General Approaches for Growing Shareholder Value

Results-driven executive Robert Colaizzi began leading accounting and finance operations at Silicon Valley software and technology developers in the late 1980s. Over the years, Robert Colaizzi has established a successful record of driving revenues and shareholder value and architecting tech company sales and acquisitions. He currently serves as an independent consultant to public and private companies in the emerging technology sector.

Creating long-term value for shareholders requires a sustainable approach that addresses the needs of clients and stakeholders alike and builds vital partnerships with employees and suppliers. Executive leaders who develop holistic long-term value-building strategies often achieve the most success.

To sustainably grow shareholder returns, executive teams should consider a number of different approaches. These approaches include improving gross profits by building stronger relationships with cost-effective suppliers; fostering an environment of increased productivity and efficiency; and/or lowering capital costs by repositioning optimizing the use of assets and the building of high-performance teams. However, most business development officers recommend increasing shareholder value through revenue growth. The revenue-building approach offers a number of different options and avenues, such as leveraging existing capabilities to create new products and enter new markets, joint -ventures and/or better aligning adjacent operations (such as manufacturing and distribution) with the business’s core activities.

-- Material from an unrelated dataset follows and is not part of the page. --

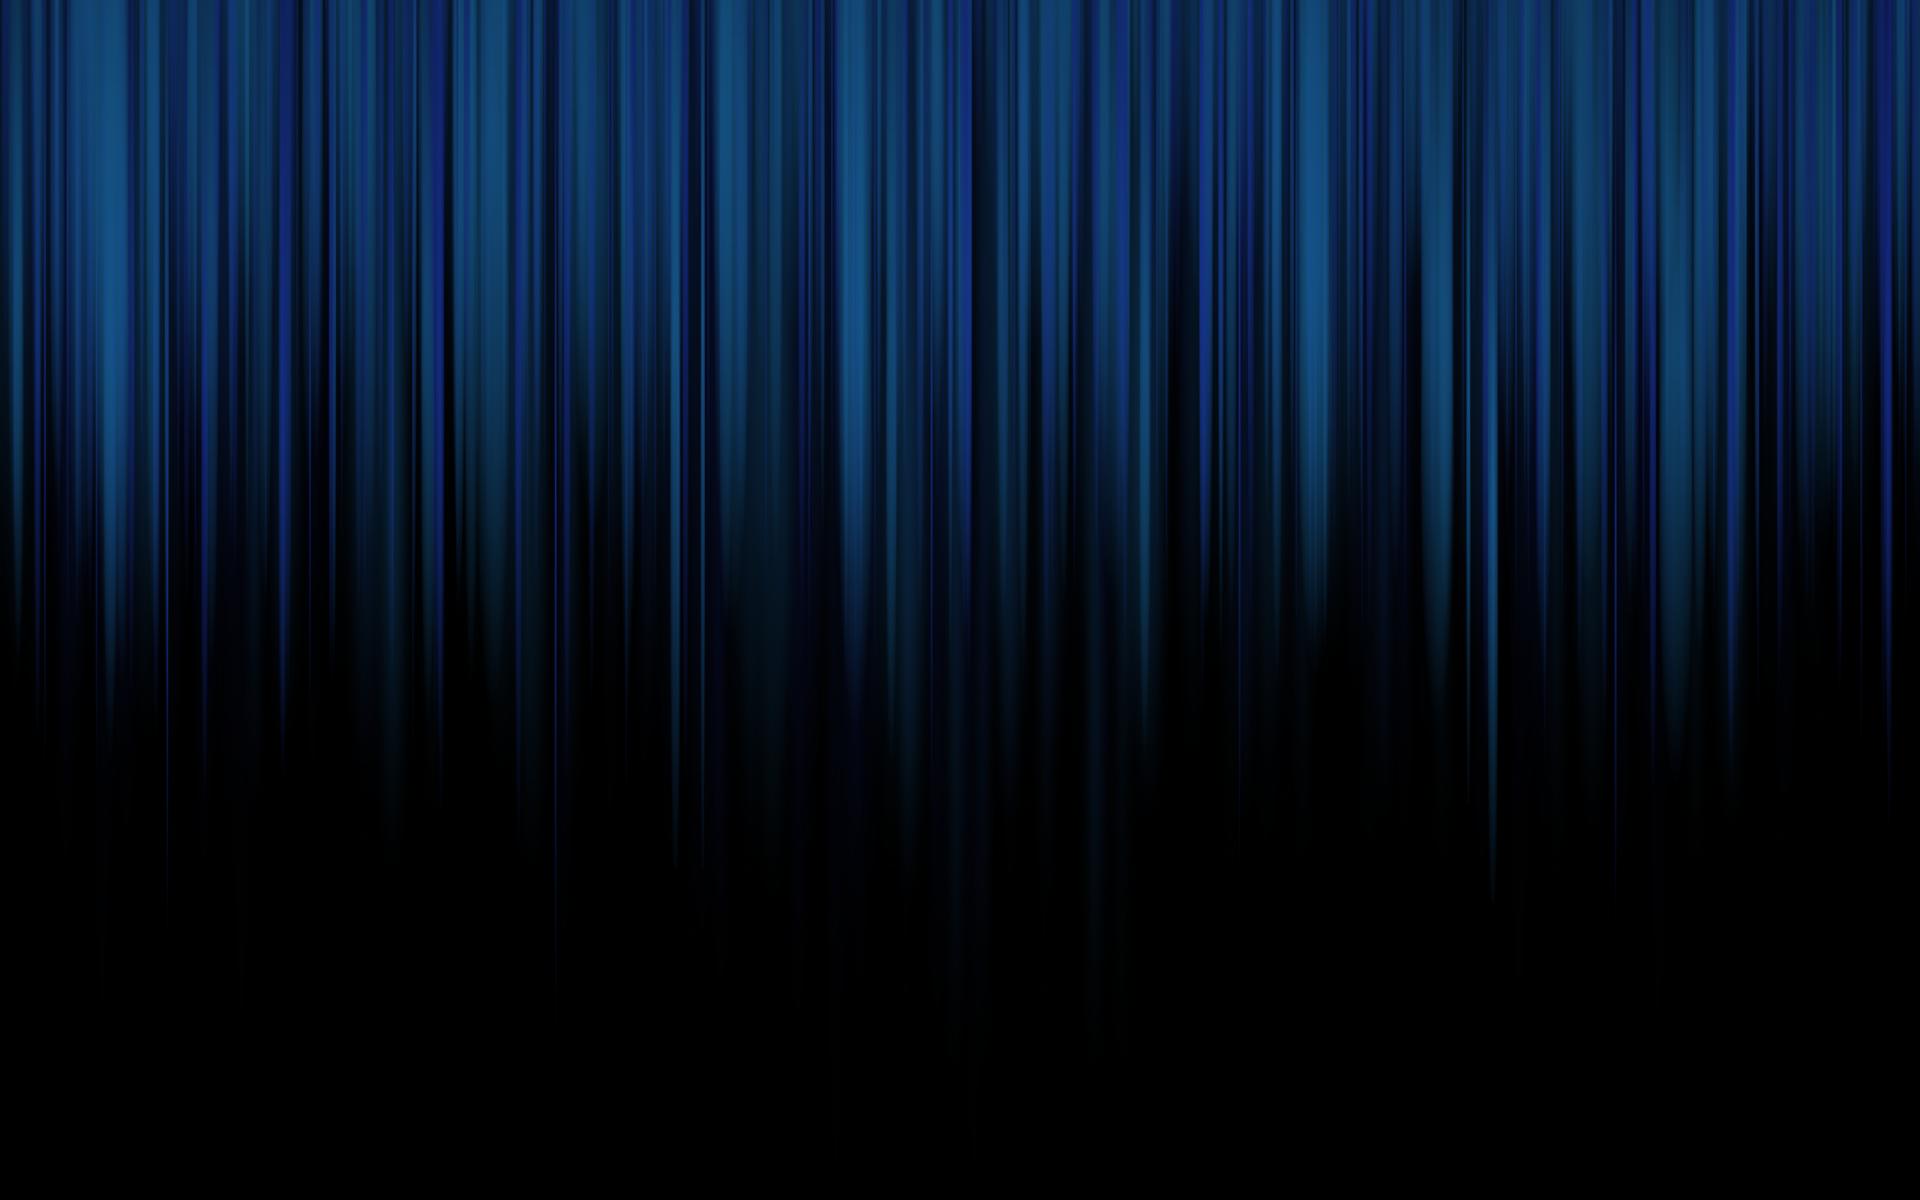 Blue Striped Wallpaper: Black And Blue Desktop Wallpaper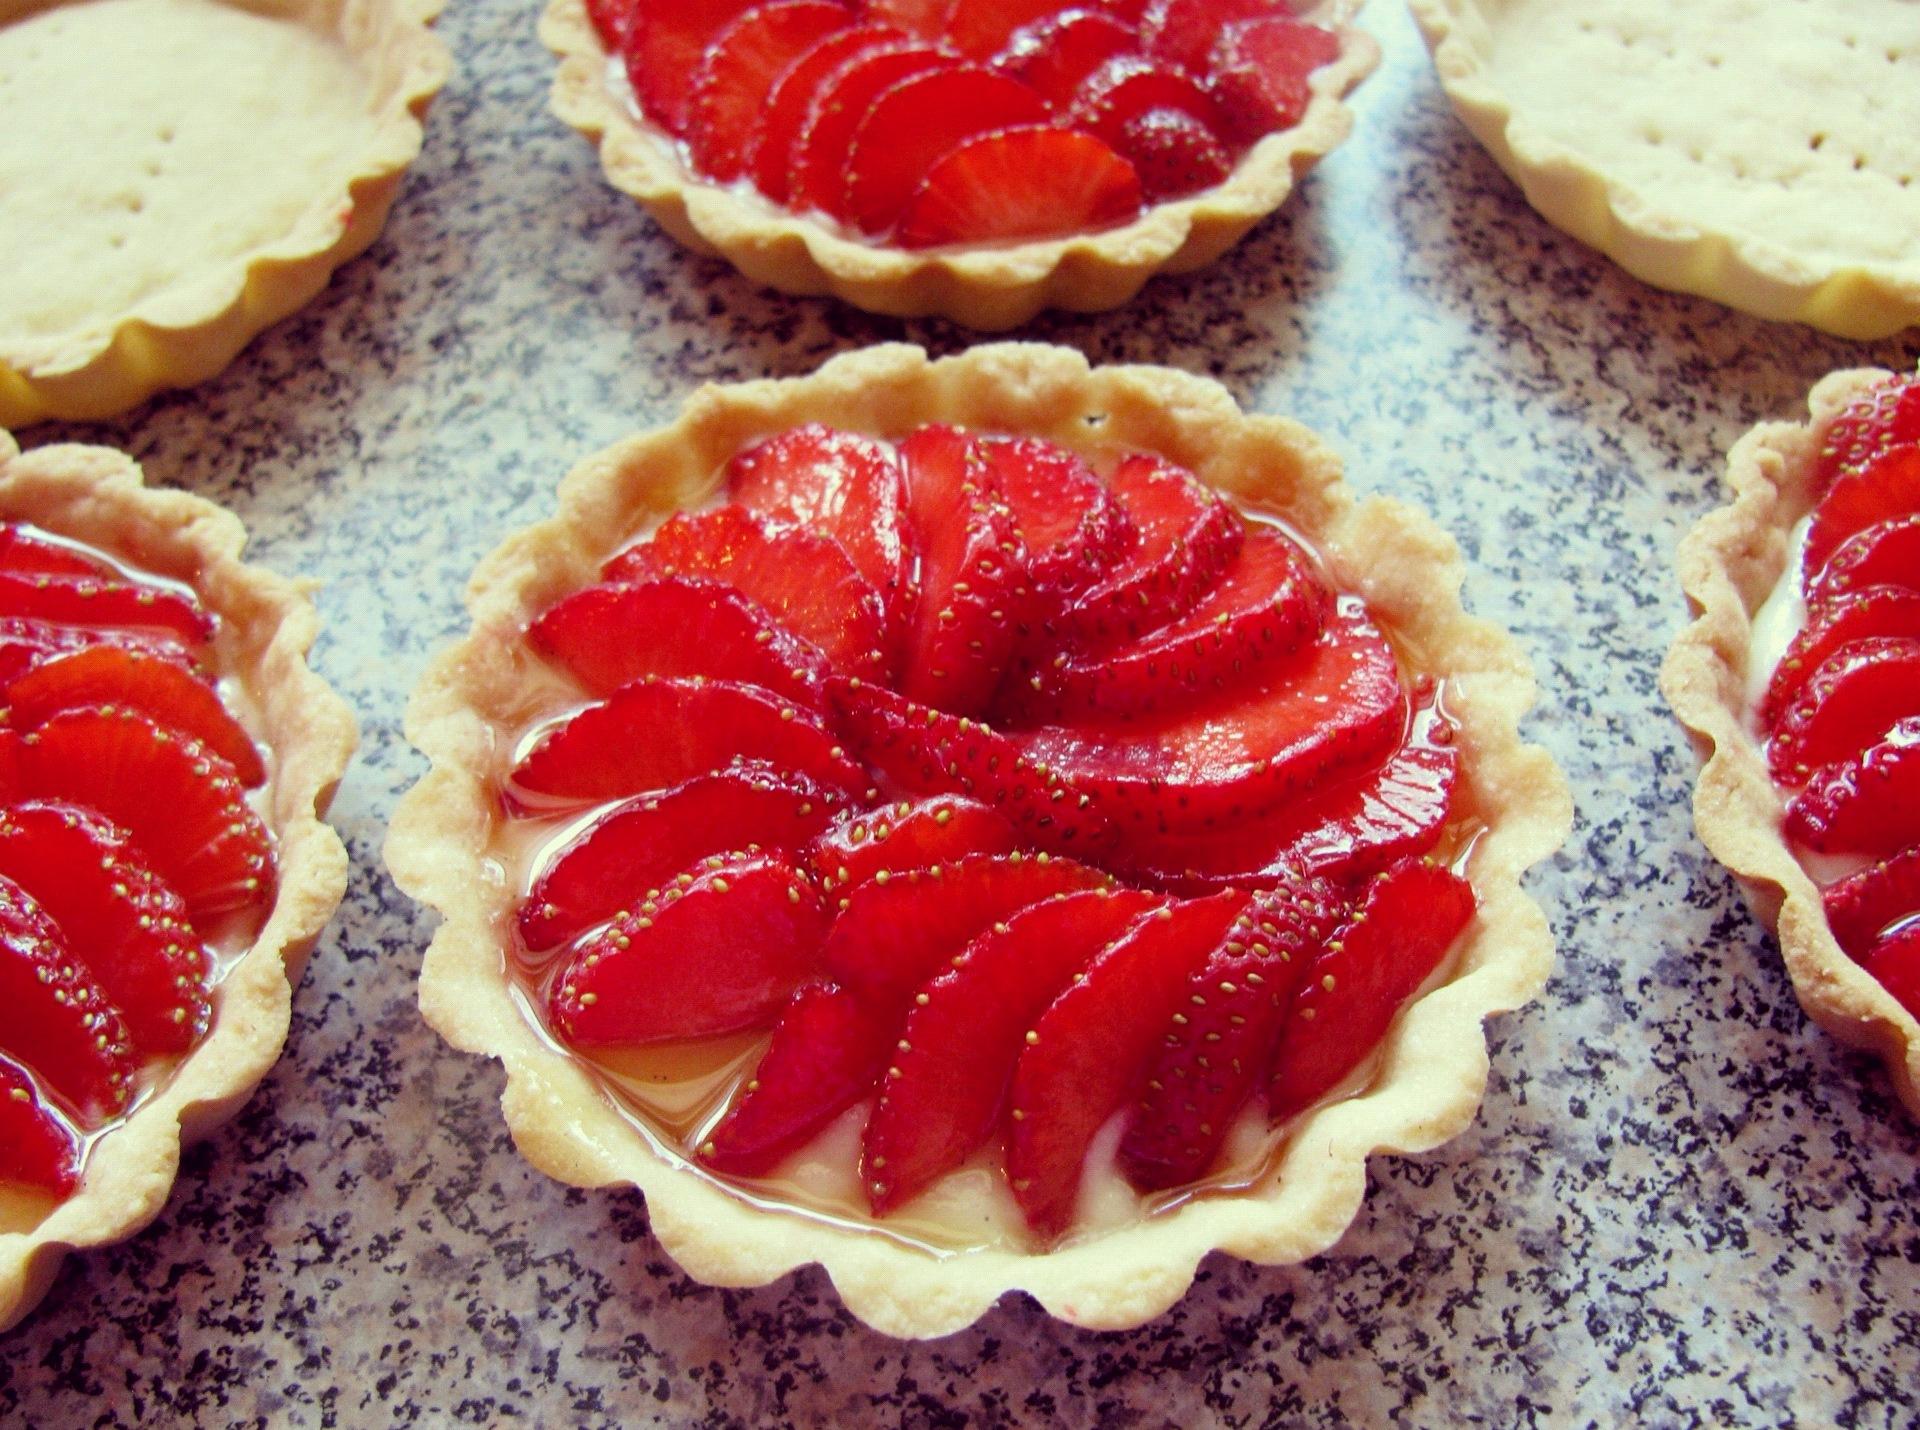 Strawberry Tart Pastry Cream Strawberry Tarts With Pastry

Social Media Usage in Investor Relations Management

Executive financial officer Robert Colaizzi lives and works in the San Francisco Bay Area, where he has directed financial operations for multimillion- and multibillion-dollar private and public companies. Over the last 20 years, Robert Colaizzi has overseen mergers and acquisitions, initial public offerings, and financial planning for several technology companies. As an experienced investor relations (IR) manager, Mr. Colaizzi stays ahead of new developments in this field.

With the Securities and Exchange Commission’s ruling that public companies may release investor information via social media within the parameters of Regulation Fair Disclosure, some IR professionals are integrating, or considering incorporating, social media within their larger strategies. In early 2013, the SEC announced that public companies may utilize Facebook, Twitter, and similar services to disclose information as long as they alert their investors regarding which social media platforms they plan to use.

In June 2013, the National Investor Relations Institute and Corbin Perception released a study examining social media usage in corporate IR activities. Their findings indicated that some 72 percent of IR officers do not employ social media techniques; however, nearly half (49 percent) of those professionals plan to reassess this strategy within the next year. Their main reason for not incorporating social media into any IR plan included a lack of interest among their investor bases.